Heute waren viele ihrer Komplizen da. Ich wurde für die Dauer deren Anwesenheit in Einzelhaft gesperrt. Ich konnte hören, wie sie lachten und aßen. Ich hörte, dass ich wegen einer "Allergie" eingesperrt wurde. Ich muss lernen, wie ich diese Technik perfektionieren und zu meinem Vorteil nutzen kann.
Die anderen Gefangen sind Weicheier und wahrscheinlich Informanten. Der Hund wird oft frei gelassen, kommt aber immer wieder freudestrahlend zurück. Er ist offensichtlich nicht ganz dicht.
Der Vogel dagegen ist garantiert ein Spion. Er spricht oft und viel mit den Wärtern. Ich glaube, dass er mich genauestens beobachtet und jeden meiner Schritte meldet.
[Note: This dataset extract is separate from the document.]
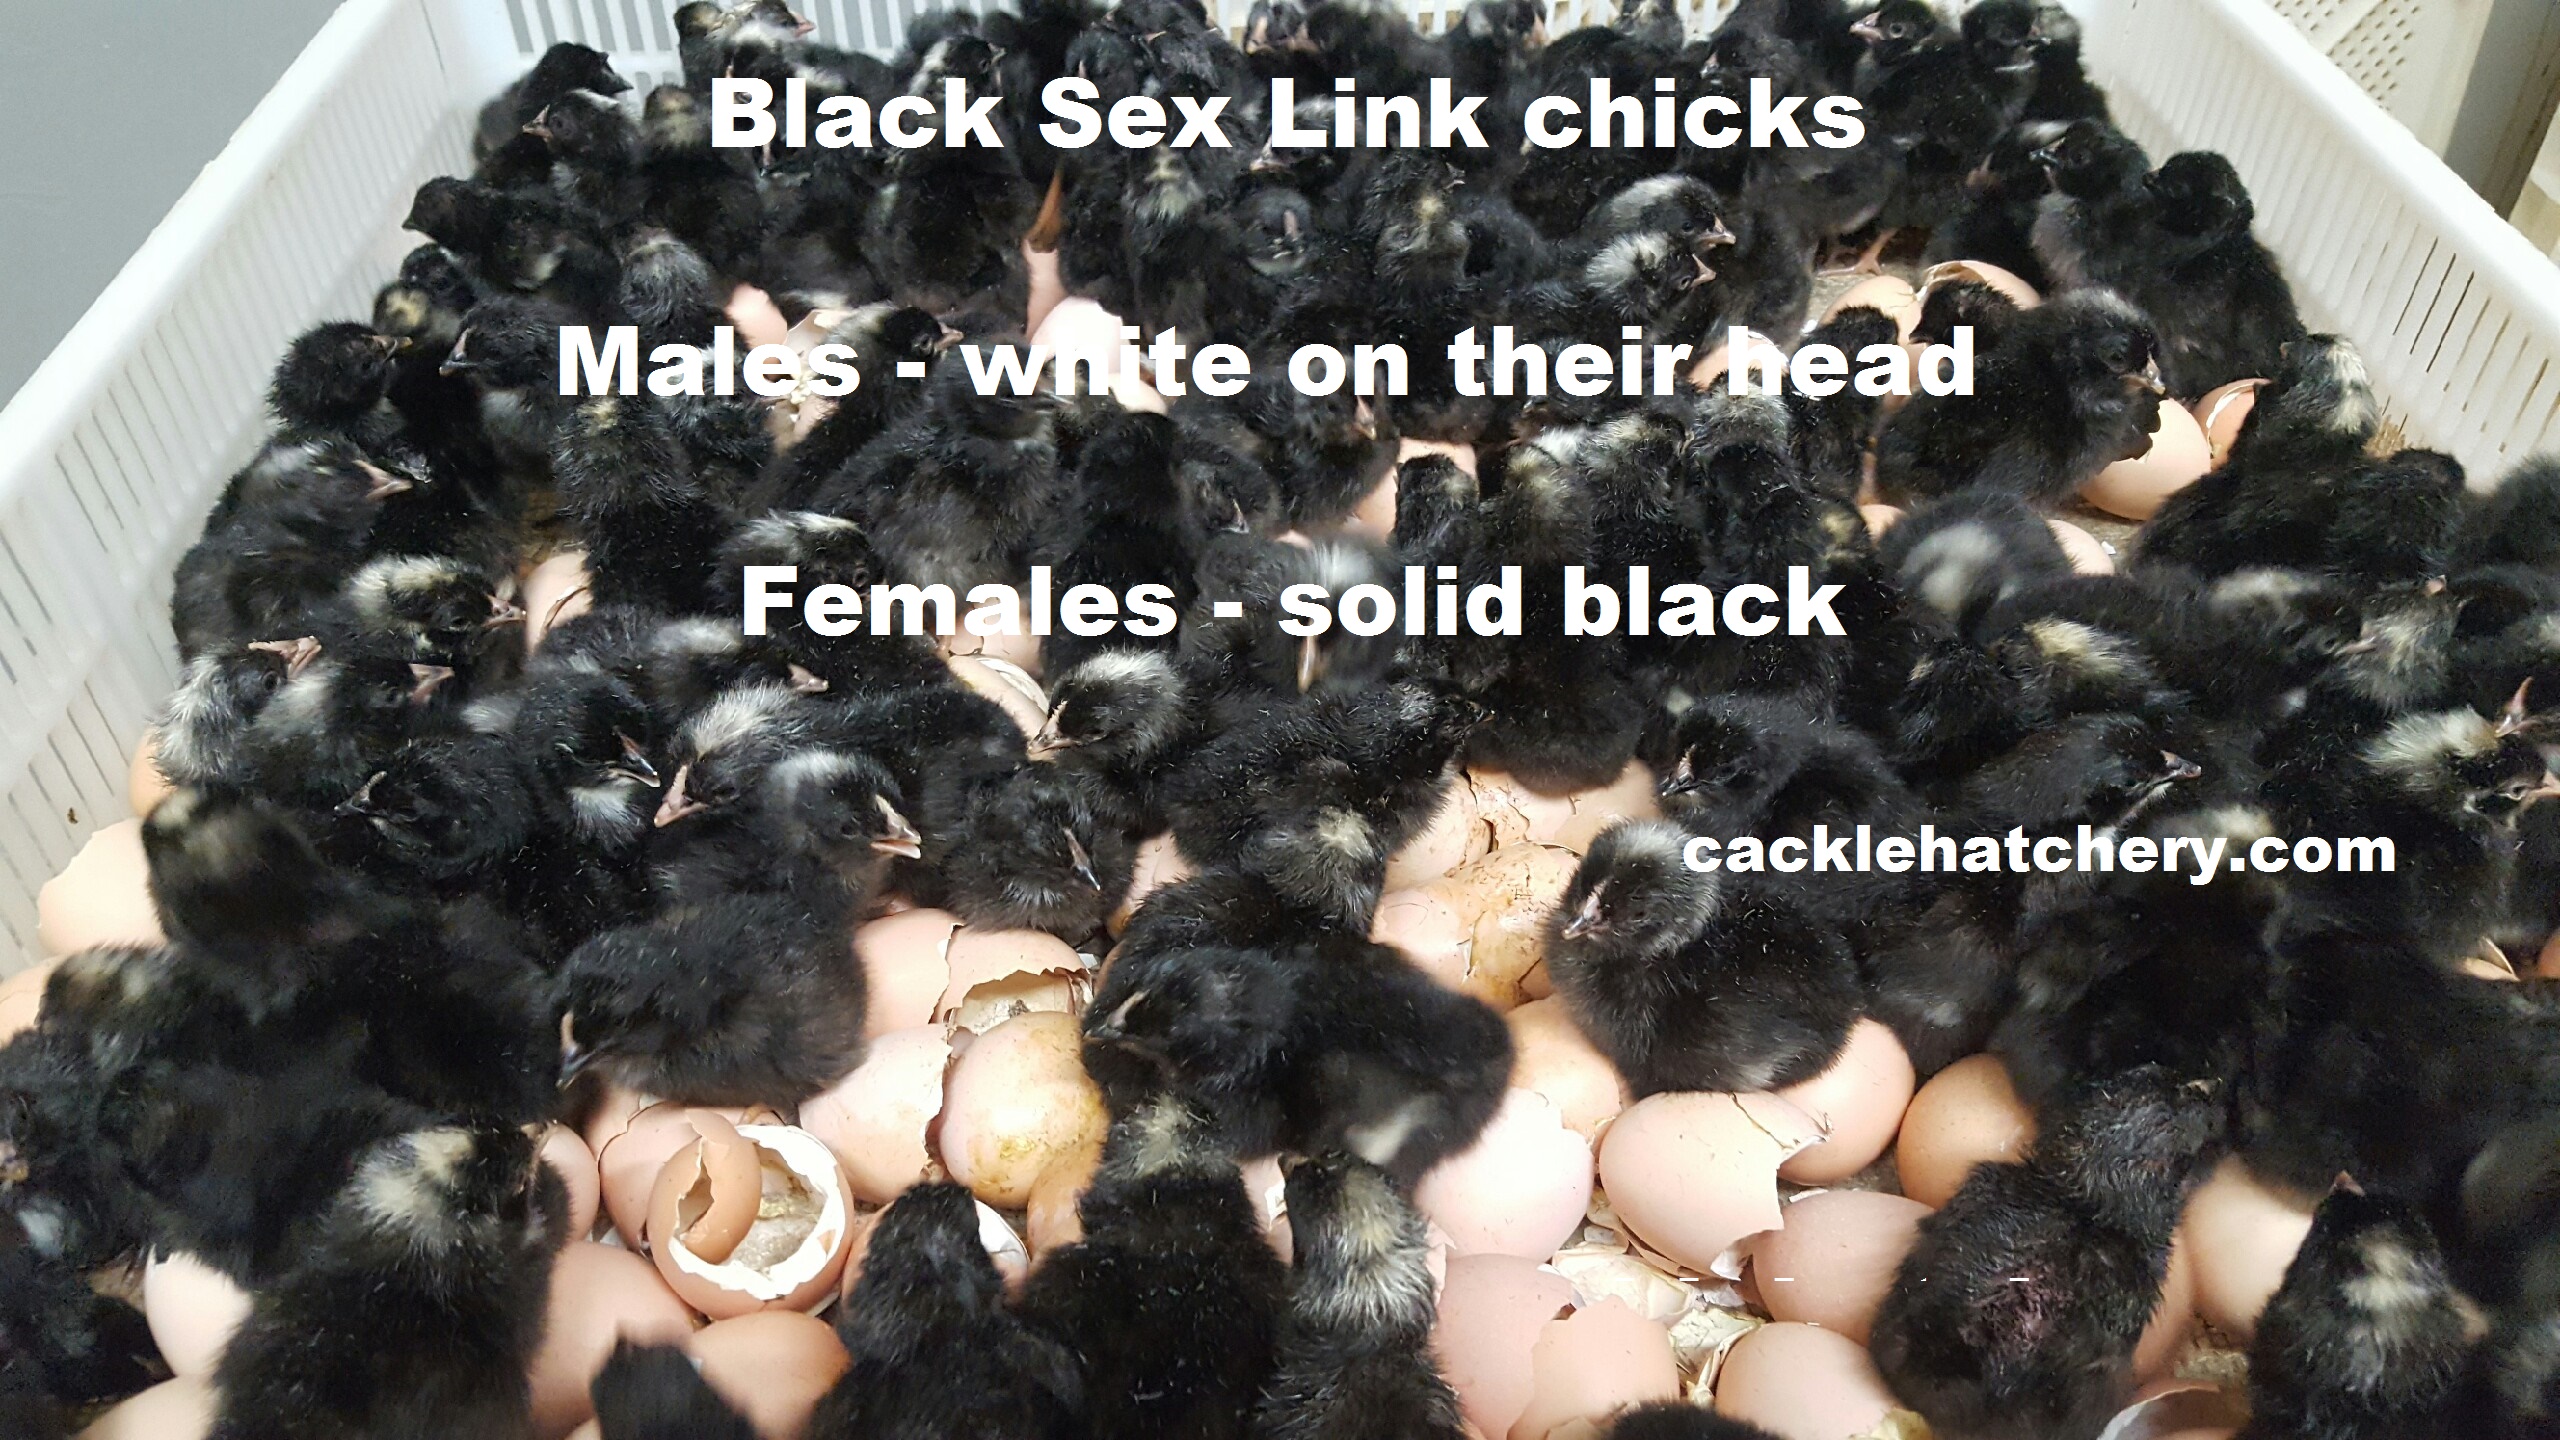 Black Sex Link Pullets 40

Da er sich in einem Stahlverschlag befindet, kann ich nicht an ihn ran.
Aber ich habe Zeit.
Mein Tag wird kommen...







​


----------



## MetalFan (20 Apr. 2012)

Herrlich!


----------



## Max100 (20 Apr. 2012)

Klasse, du bekommst ein Bienchen


----------



## Q (20 Apr. 2012)

ich hab eine Katzenallergie. Vielleicht deshalb  :thx:


----------



## FlerIstBoss (1 Mai 2012)

Der Eintrag der Katze ist absolut genial xD


----------



## Katzun (8 Juli 2012)

so ist es!


----------